═════ Provided material

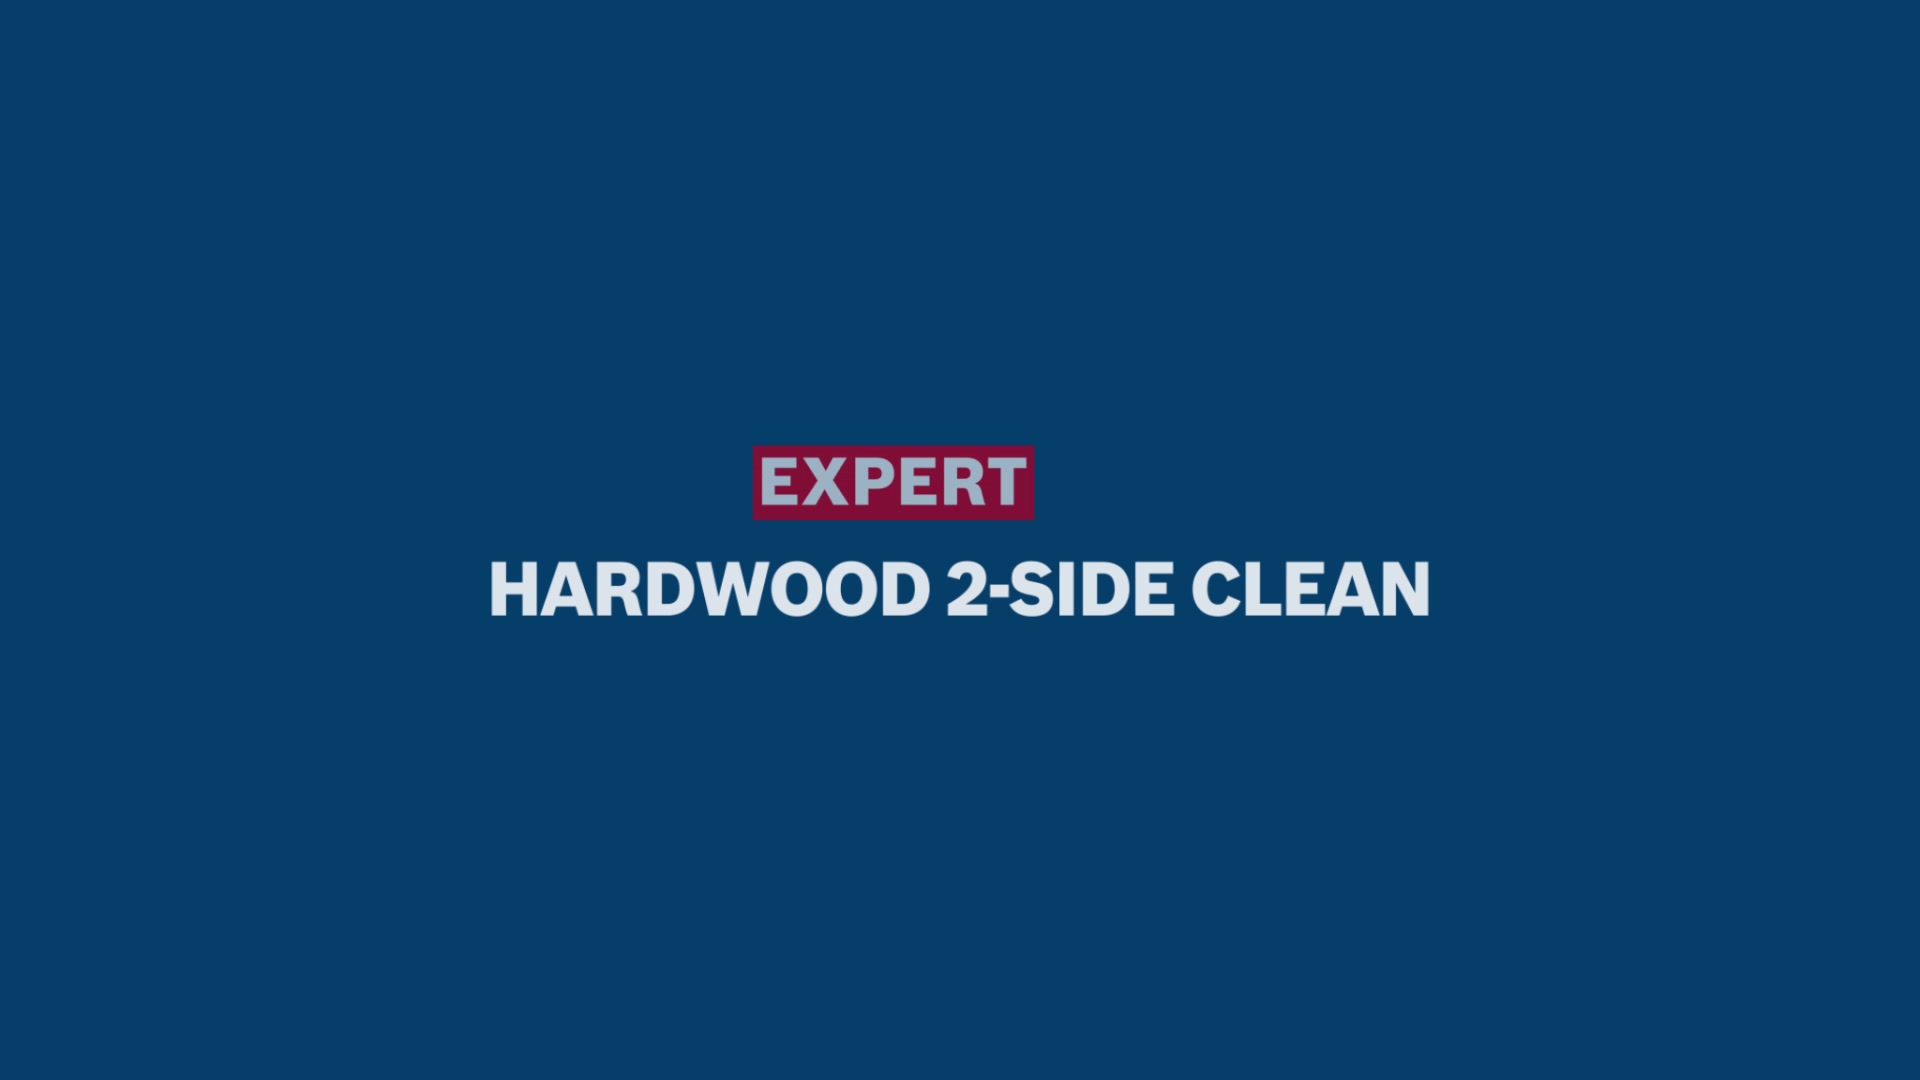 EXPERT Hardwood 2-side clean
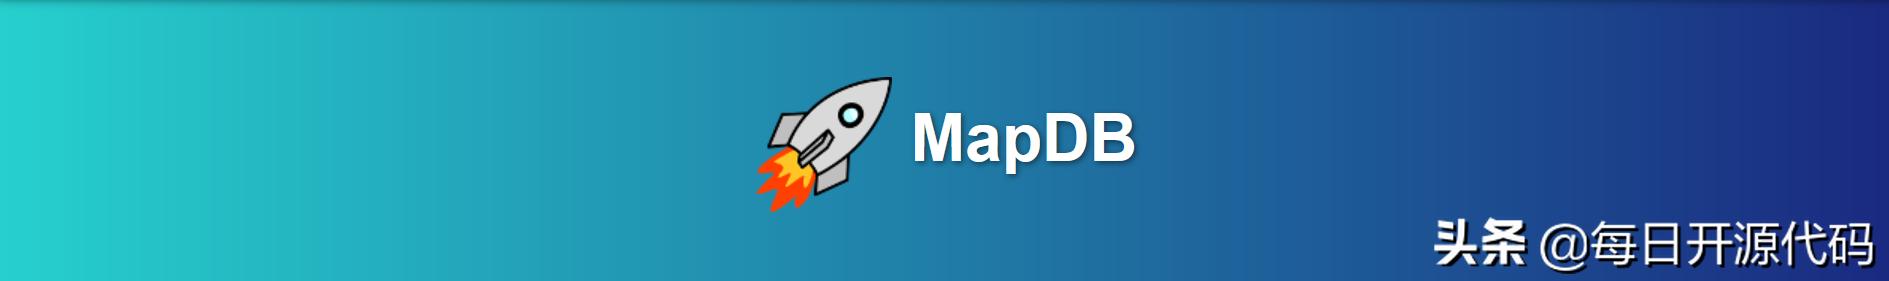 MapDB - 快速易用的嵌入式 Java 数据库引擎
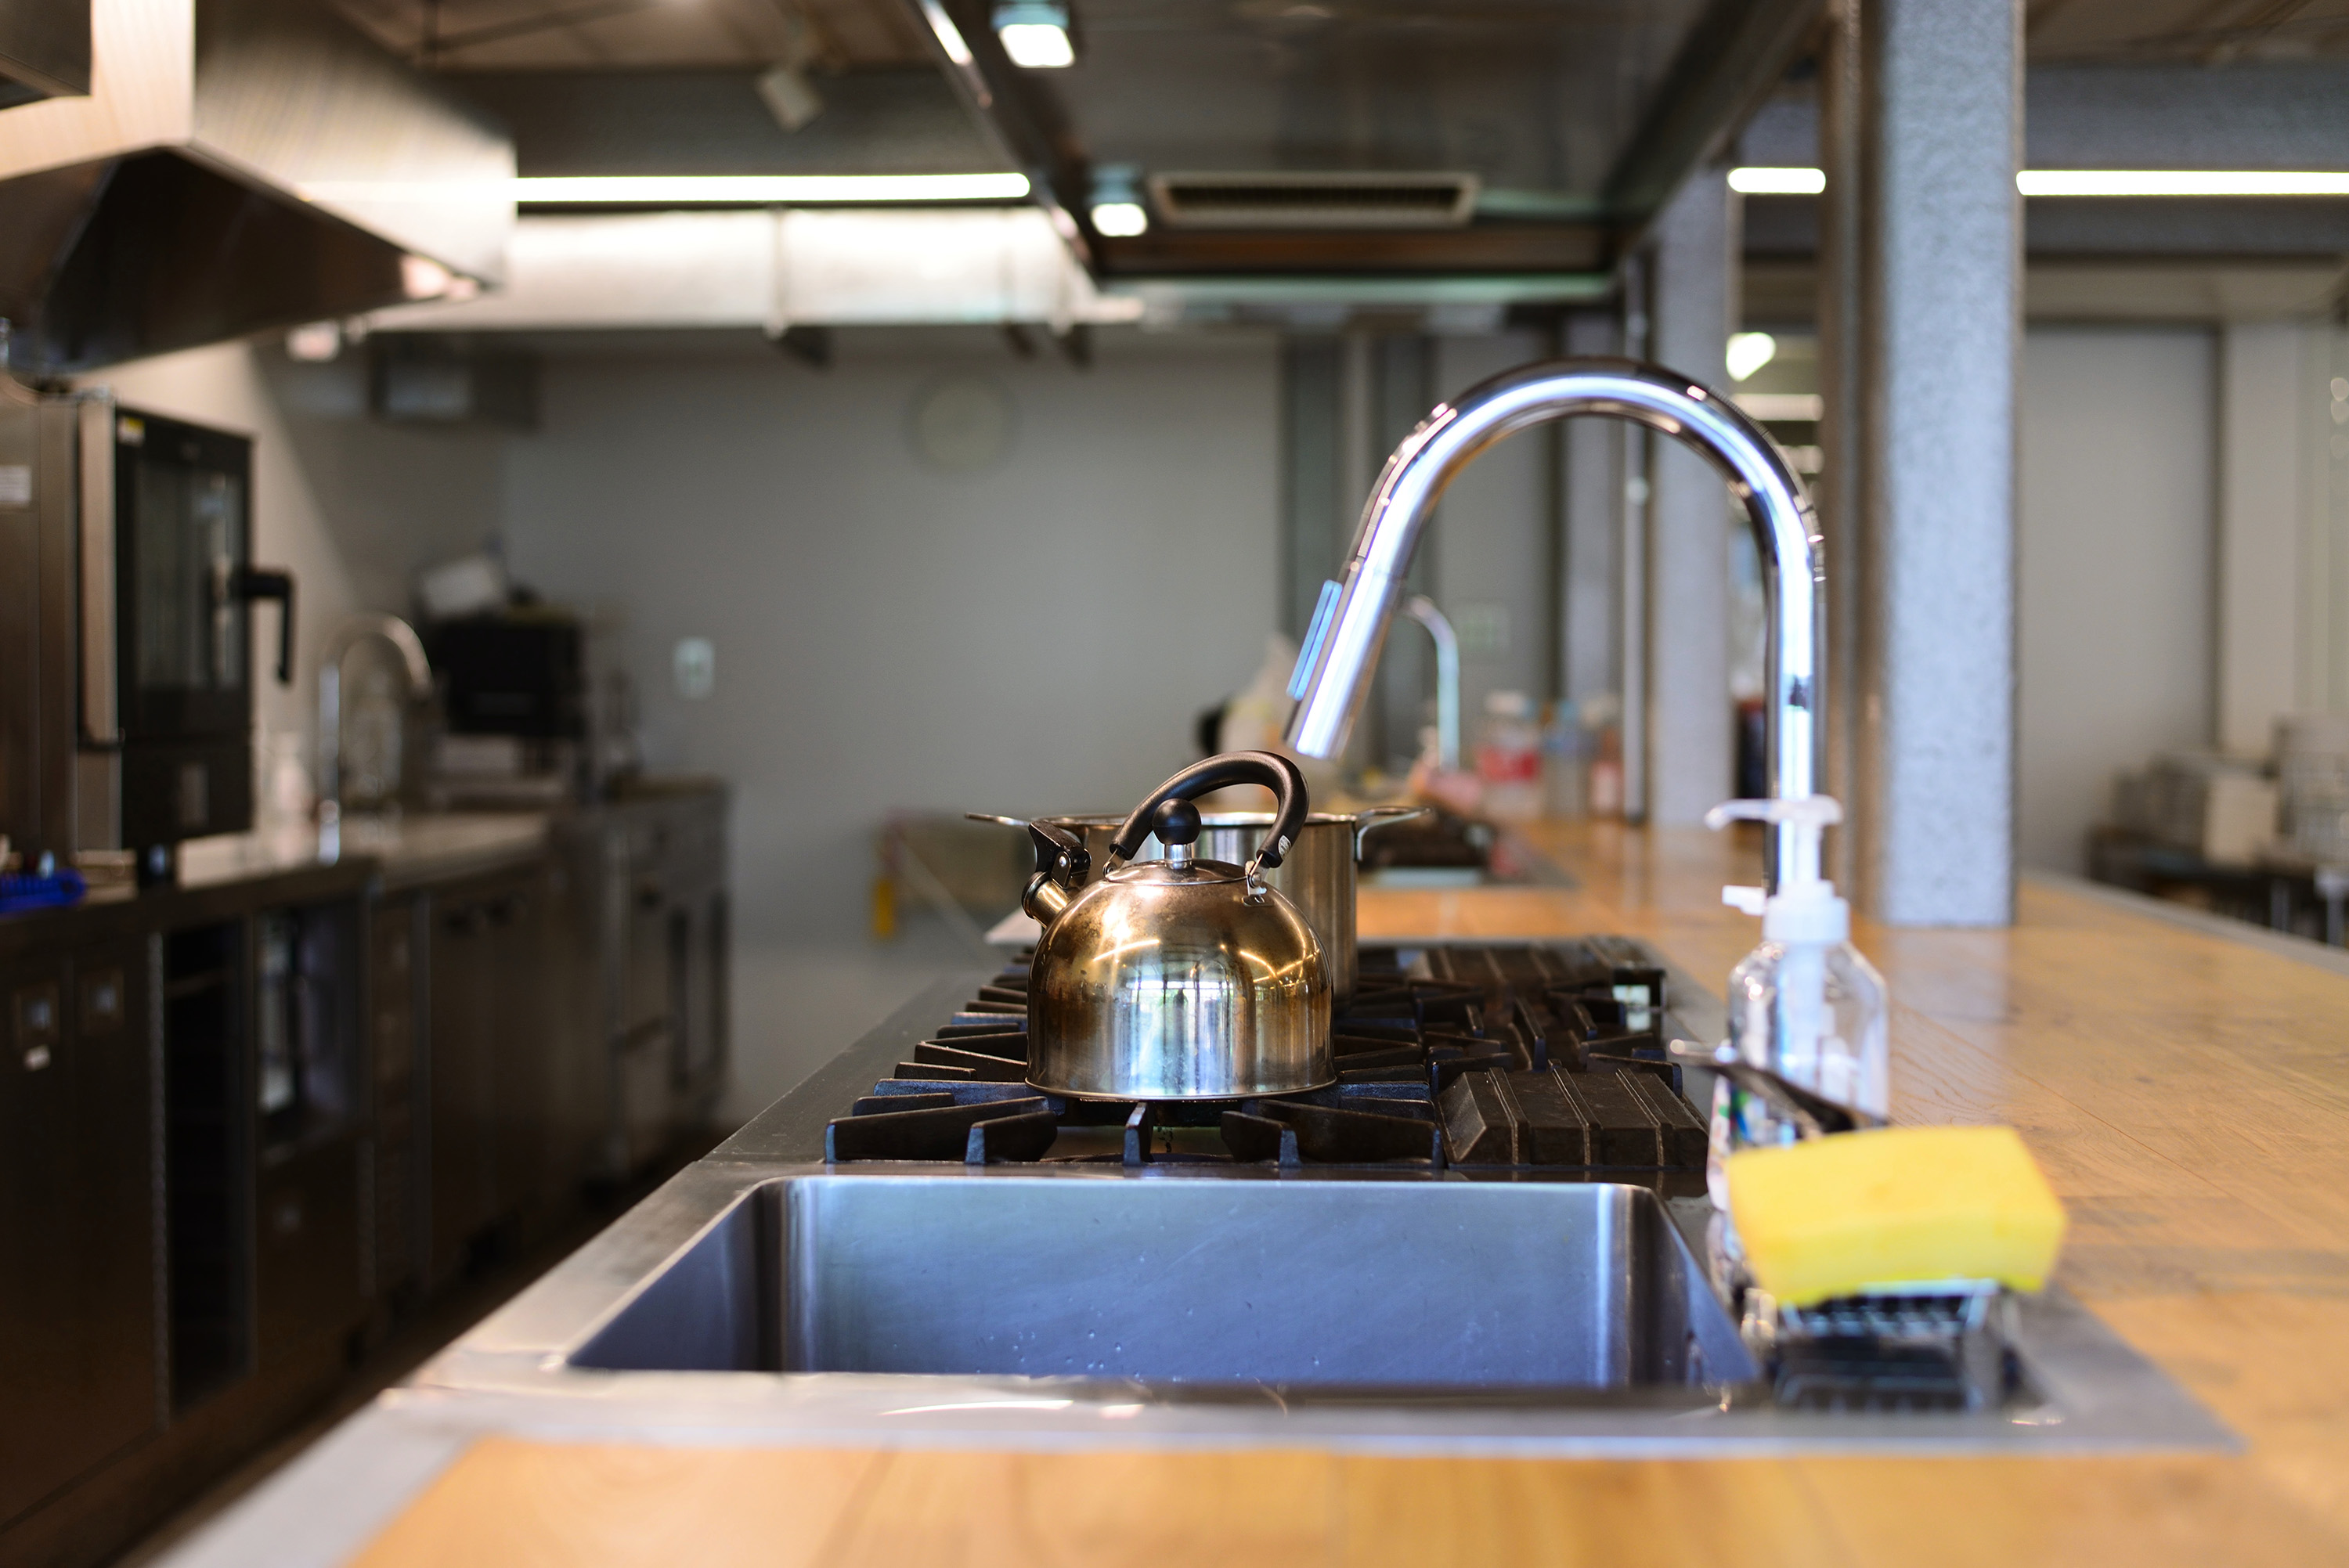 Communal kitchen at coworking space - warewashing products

══════════

# Task item:
The data must be printed exactly, image-free.

# Completed task:
 EXPERT Hardwood 2-side clean
 MapDB - 快速易用的嵌入式 Java 数据库引擎
 Communal kitchen at coworking space - warewashing products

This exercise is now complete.